A photographic record of Highfield Road in its final years, this Lower Block Edition documents the everyday spaces, people, and rituals that shaped life in and around Coventry City’s historic home before it disappeared.

The photographs were taken by Jason Scott Tilley, a lifelong Coventry City supporter and former local newspaper photographer. Growing up close enough to hear the roar of the crowd drifting across the city on Saturday afternoons, Tilley’s relationship with the club began long before he ever picked up a camera. That proximity shaped both his loyalty to Coventry and his instinct to observe football as lived experience – something felt on streets, terraces, and touchlines, not just played on the pitch.

Tilley worked as a press photographer for the Coventry Evening Telegraph and The Pink, gaining rare access to the ground during an era when photographers operated inches from the action and football culture was deeply local. His background in regional press photography informs the approach here: direct, unembellished, and grounded in routine. These images were made during Coventry City’s final seasons at Highfield Road, capturing a ground still functioning as it always had, without ceremony or nostalgia, and the streets, shops and pubs as familiar as the faces that frequented them.

Highfield Road was home to Coventry City from 1899 until 2005. For more than a century it stood at the centre of the club’s identity, woven into the daily life of the surrounding community. The stadium was demolished in 2006, replaced by housing, severing a physical link that had passed through generations of supporters.
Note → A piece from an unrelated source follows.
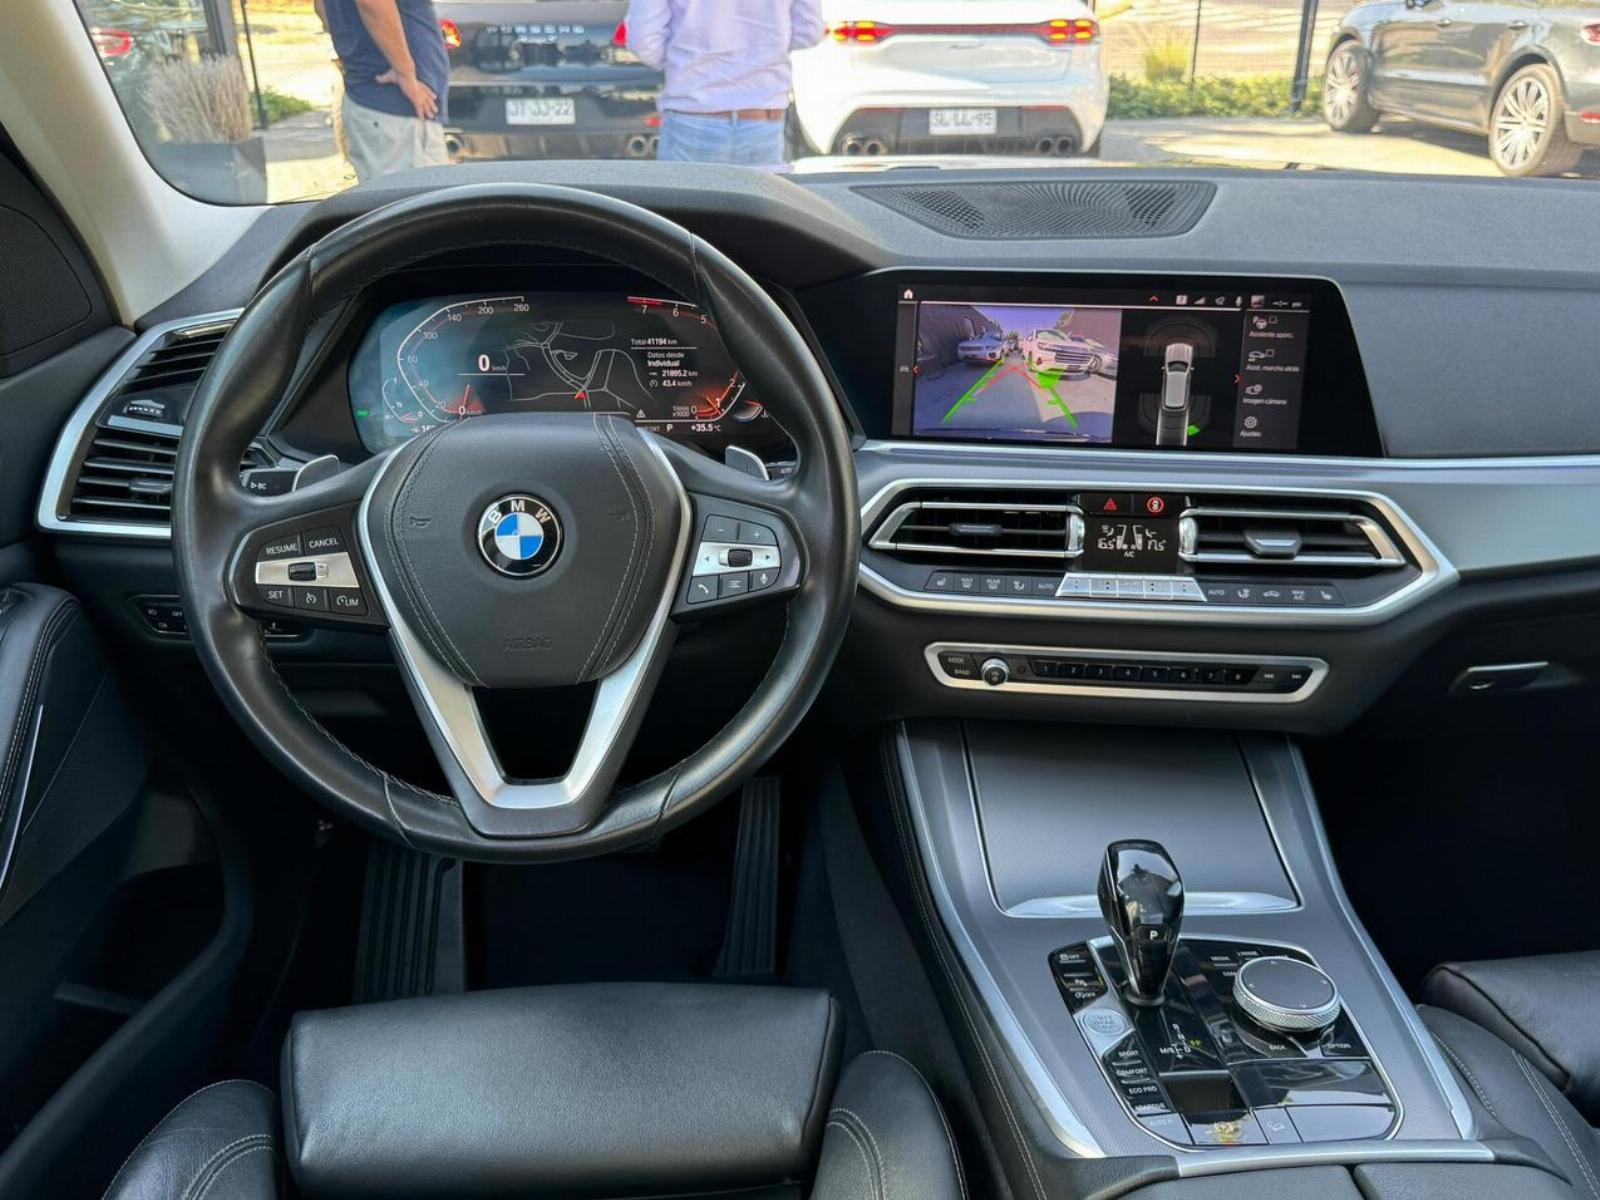 BMW X5 40i EXECUTIVE 2020 MANTENIMIENTO EN WBM - FULL MOTOR

This limited edition A5 photo zine brings together 38 black and white photographs across 44 pages. Shot in the closing years of the ground’s life, the work focuses on community and atmosphere rather than final scores or outcome – floodlights, crowds, routines, and quiet moments repeated week after week. What emerges is not a memorial, but a clear-eyed record of a place at the end of its working life, seen by someone who belonged to it.